Calcineurin inhibitors are immunomodulators and an off-label treatment for vitiligo functioning via inhibiting the lymphocyte and dendiric cells resident proinflammatory protein (calcineurin) that is responsible for the transcription of interleukin (IL)-2 and tumor necrosis factor-α (TNF-α). Such inflammatory cytokine inhibition results in the induction of melanocyte proliferation and activity [1].

A systemic metanalysis reviewed and reported the efficacy of tacrolimus as a monotherapy for the treatment of vitiligo [19]. Furthermore its efficacy was more superior when used in combination with either microneedling or dermabrasion to using it alone [20, 21]. Moreover; the combination of 308-nm excimer light and tacrolimus 0.1% ointment was superior to 308-nm excimer light alone in a number of studies [5, 6, 22].

Only one randomized, single-blinded and intra-individual controlled study compared the efficacy and safety of topical 0.01% bimatoprost compared with 0.1% tacrolimus for the treatment of facial vitiligo in 16 patients and demonstrated a significant efficacy of topical bimatoprost as a novel treatment option in facial vitiligo with comparable results to topical tacrolimus [9].

Only one unpublished report examined the efficacy of combining EL + topical bimatoporst versus EL alone in treating patients with vitiligo. Based on the results reported, EL combined with bimatoprost was significantly better in improving repigmentation when compared to EL monotherapy [23].

With reference to safety of the treatment, most patients treated by both techniques had no complication, however irritation, desquamation, hyperpigmentation and blister were observed in some patients especially treated with excimer plus tacrolimus with no significant difference between the two groups. Moreover; hypertrichosis was observed in 3 patients treated with excimer plus bimatoprost.

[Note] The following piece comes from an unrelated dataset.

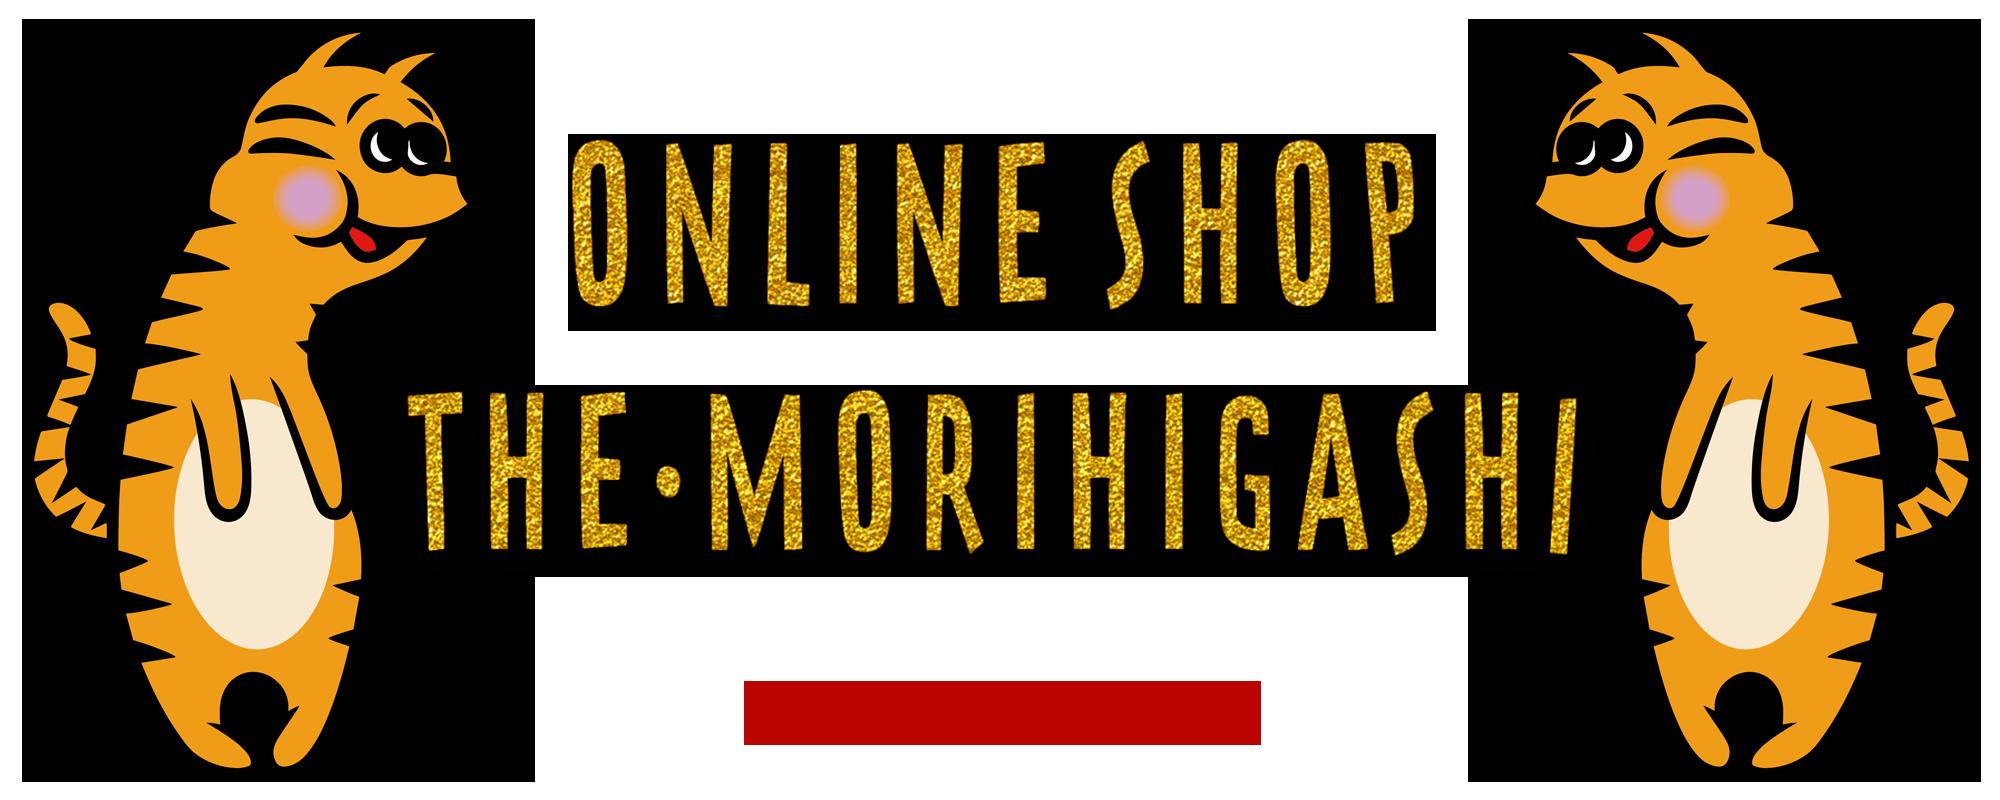 MORIHIGASHI inc.

Our study had some limitations; the relatively small sample size. In addition, selection bias, as the patients were primarily recruited from patients who attended to our university clinic only. Another limitation was the short follow up of 3 months which could have not identified any late recurrences if any.

Our study demonstrated that 0.01% topical bimatoprost gel in combination with EL is considered safe and effective as treatment of nonsegmental facial vitiligo with comparable results to 0.1% tacrolimus. Further larger multi centre studies are required to establish its efficacy in different concentrations and formulations.